I just got my ss gear sleave for my penn 6/0. But the handle screw won't fit it. Screw has a smaller diameter to thread properly. The reel I have is the black plates and post version. So do I just find a screw that'll fit it or is the another option? Also the handle seems it won't seat properly as well. I did buy this reel used.

I did just order a new handle and handle screw, it seems that whoever had this before replaced the gear sleave with one from a 4/0, maybe that's why it won't fit right.


----------



## Pompano Joe (Jan 28, 2009)

My suggestion is to double check you part numbers.

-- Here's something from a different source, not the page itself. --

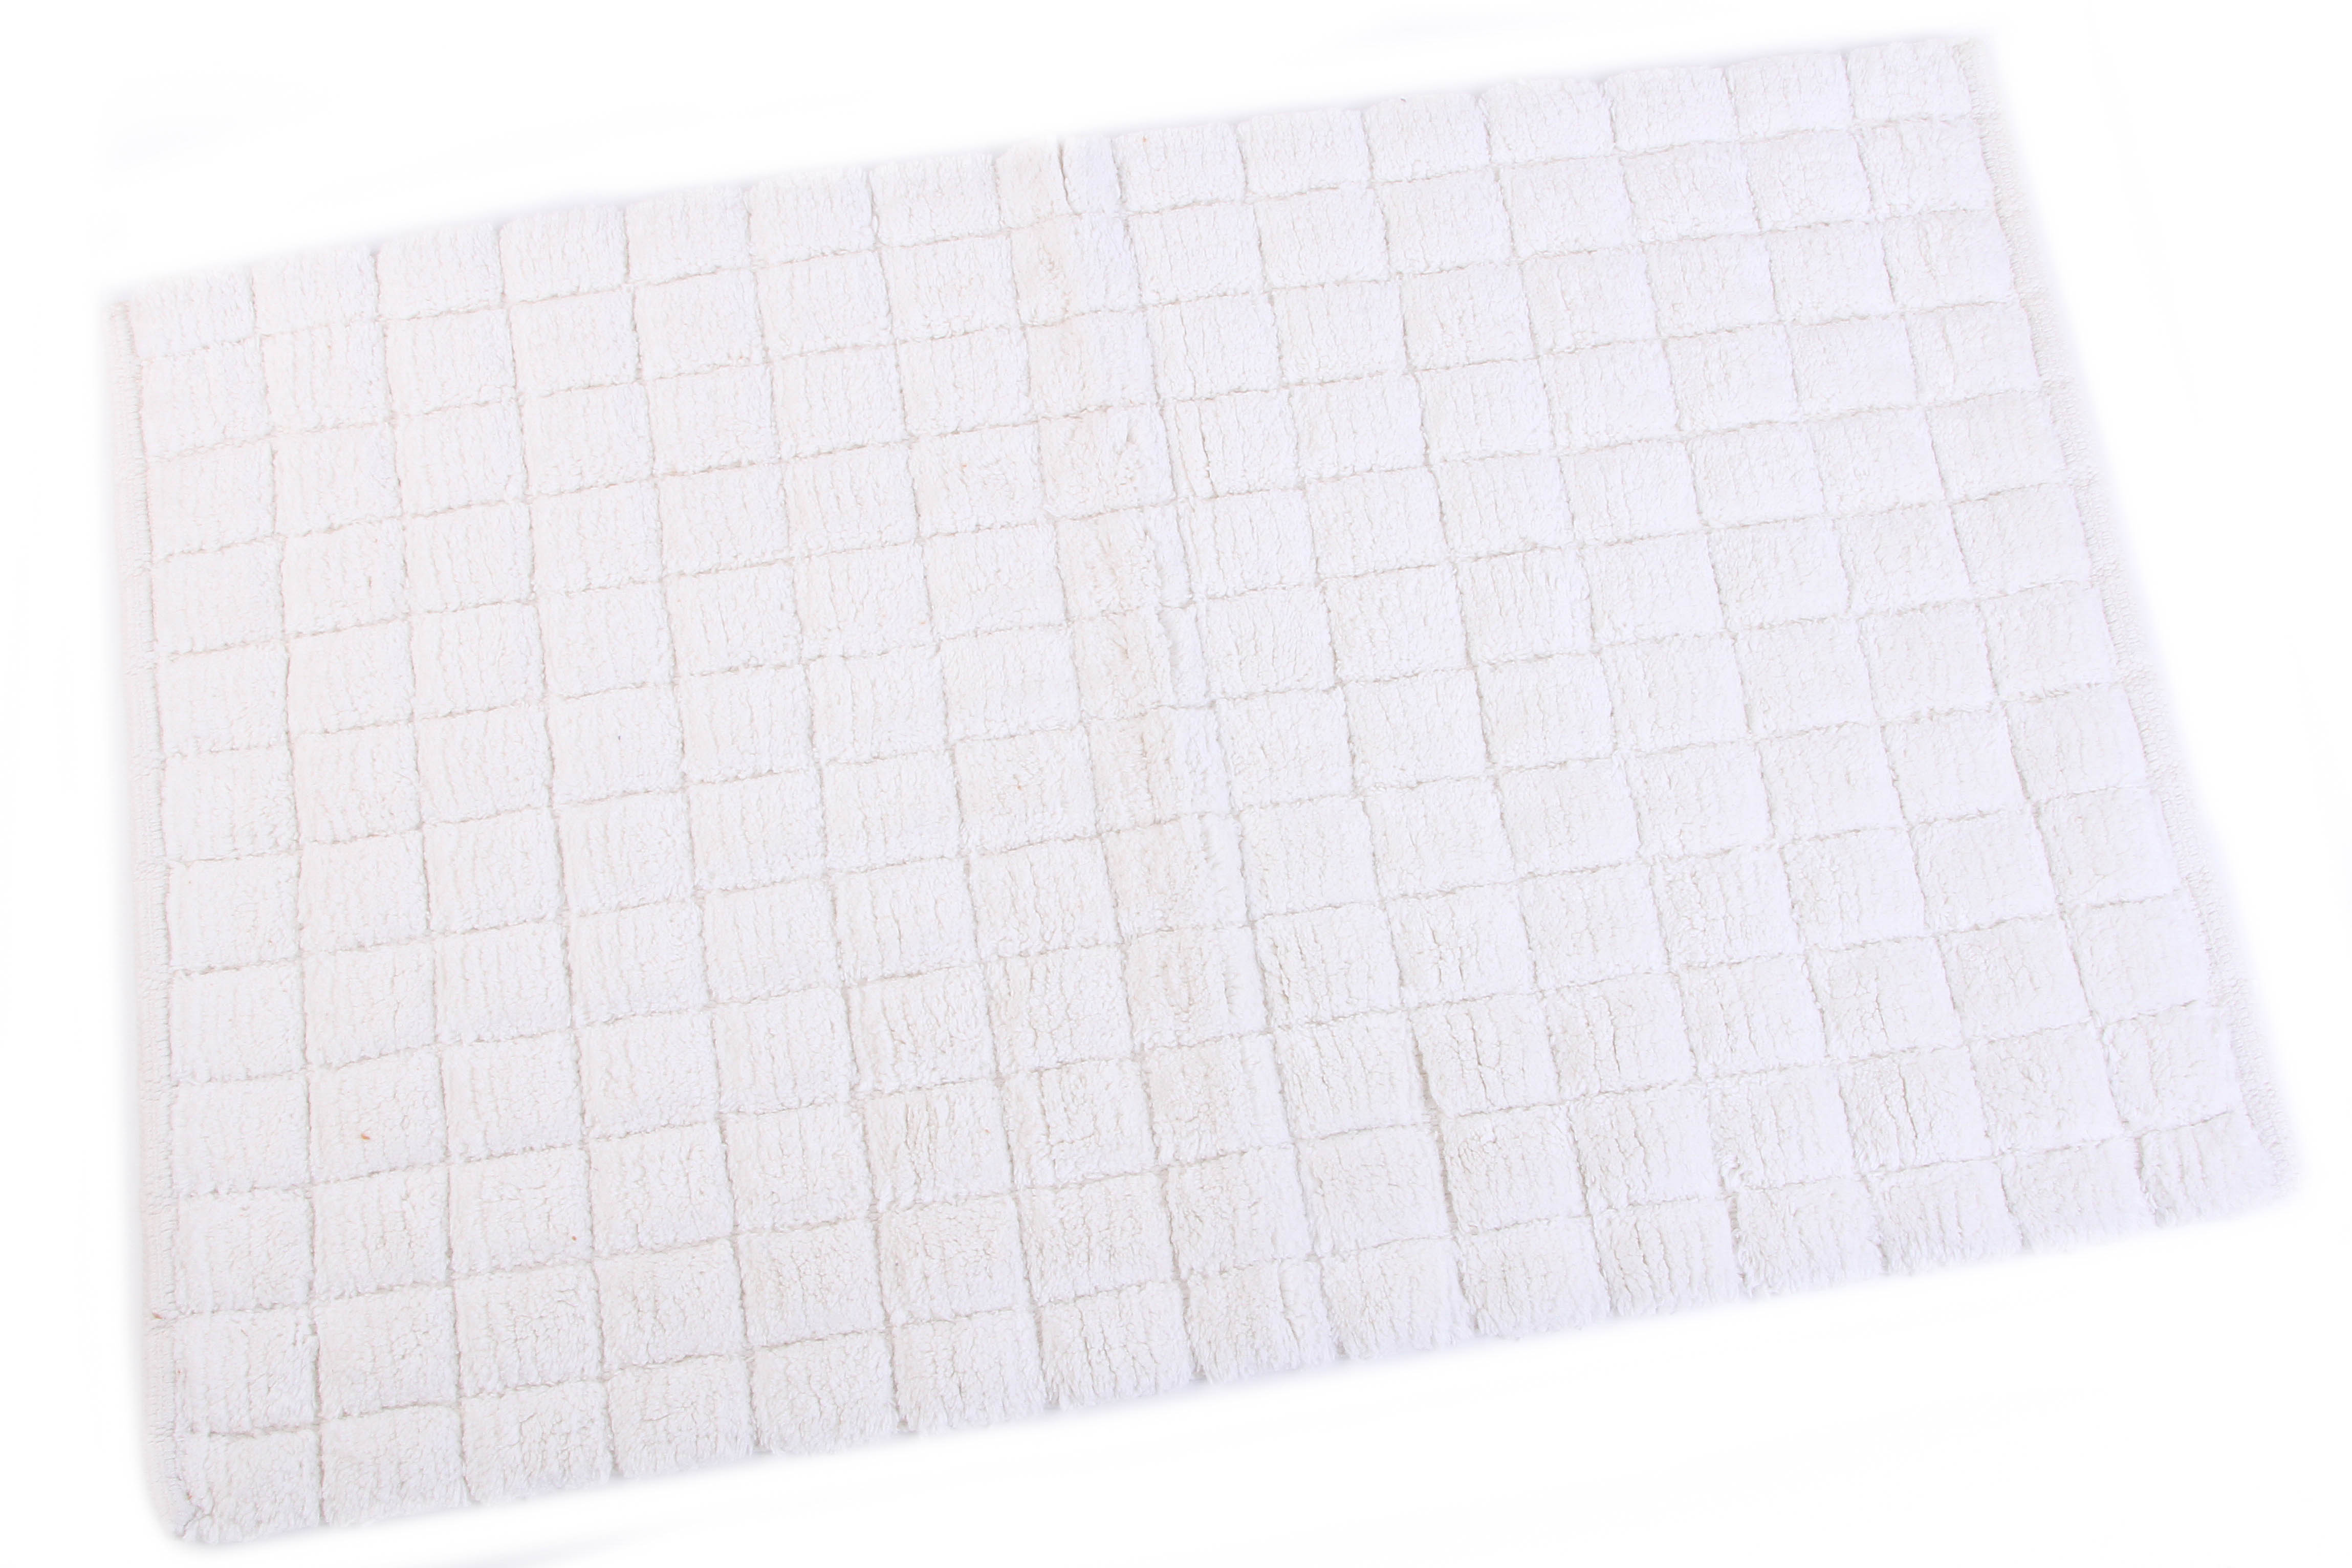 Аксессуары для ванной и туалета Ганг Коврик для ванной Maev Цвет: Белый (50х80 см) комод для ванной aquaton мадрид 80 белый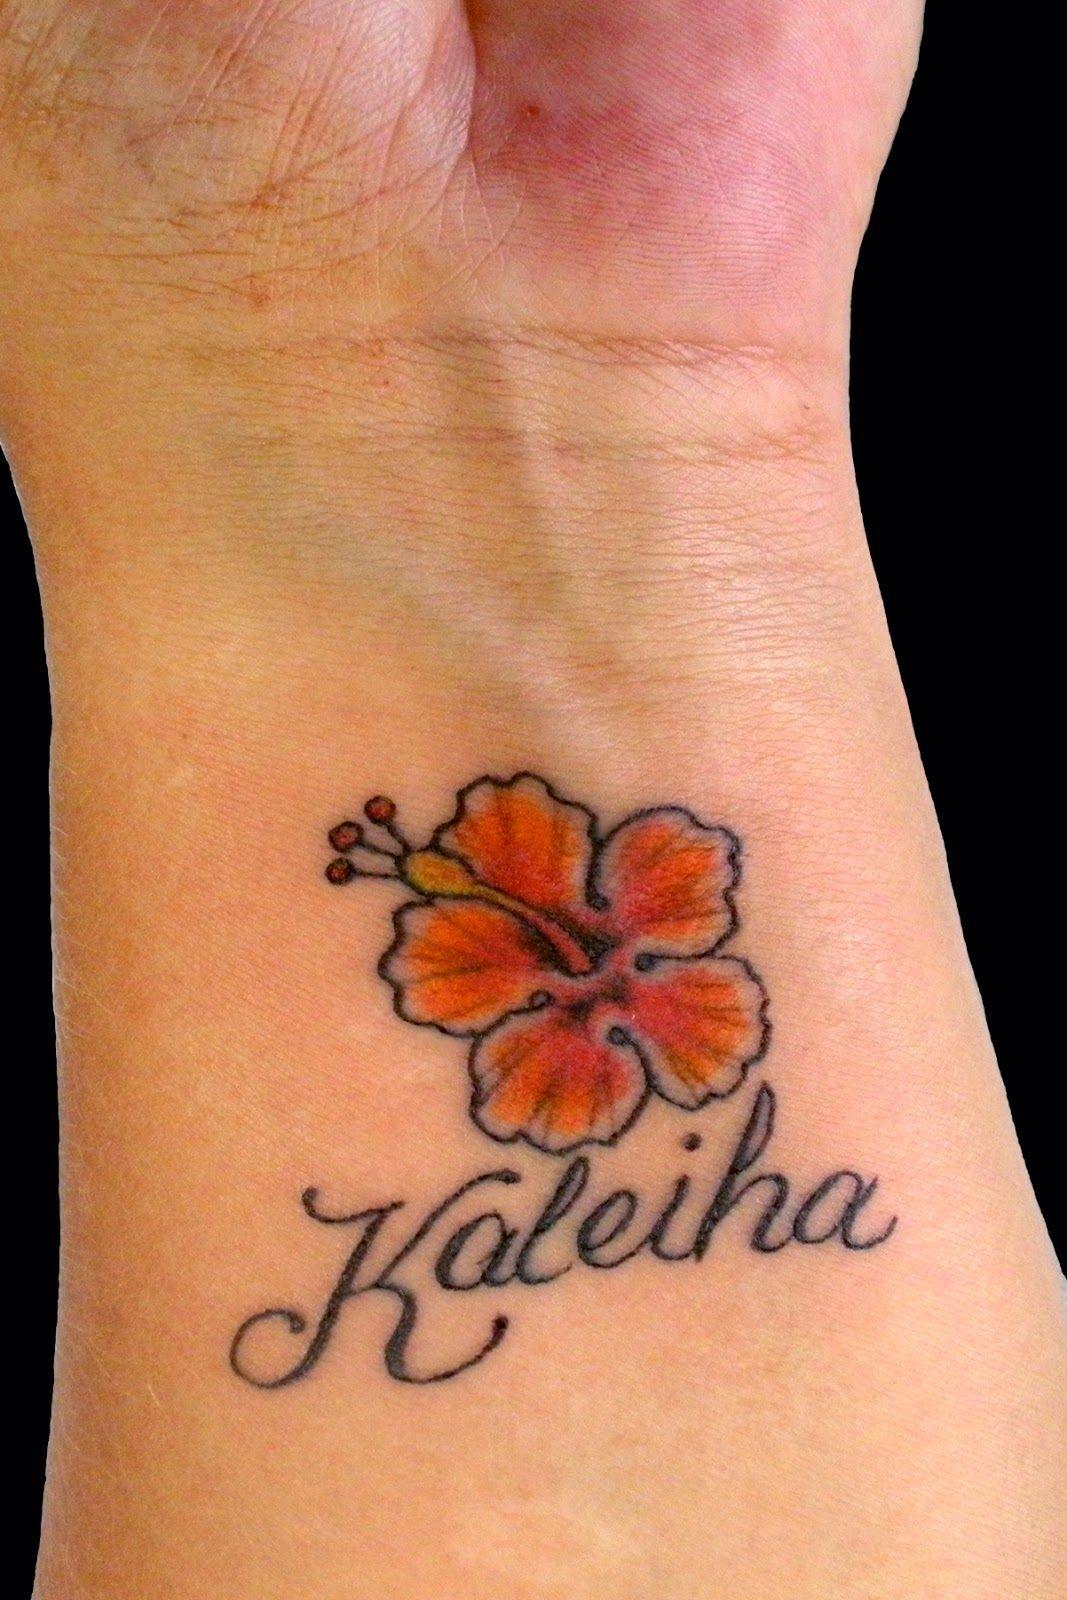 Sweet trade tattoo maui hawaiian flower tattoos hawaiian tattoos sweet trade tattoo maui hawaiian flower tattoos izmirmasajfo

If you're sure you've got a 114 gear sleeve, sure sounds you got the wrong handle and screw. Should be a number stamped into each of those parts. Let us know what you find. The 4/0 numbers would be 113. Feel free to call me tomorrow and I'll talk through it with you. 

[email protected]


----------



## TNshark (Aug 9, 2015)

thanks joe, the handle and screw fit on my 4/0 I have. I just tried them on it since I couldn't find a number on them. I did order new handle and screw. Hopefully that'll fix the issue. If I have anymore issues I'll give you a call. Thanks again.


----------



## TNshark (Aug 9, 2015)

I'm waiting on the parts from Scott's. The screw in it says 23-555, and the actual screw I need is 23-116. So whoever had this before did an awesome job at "repairing" it. But everything else inside looks fine, like I said before I find order new drag washer kit and new ss gear sleave. so it should be good to go next week.


----------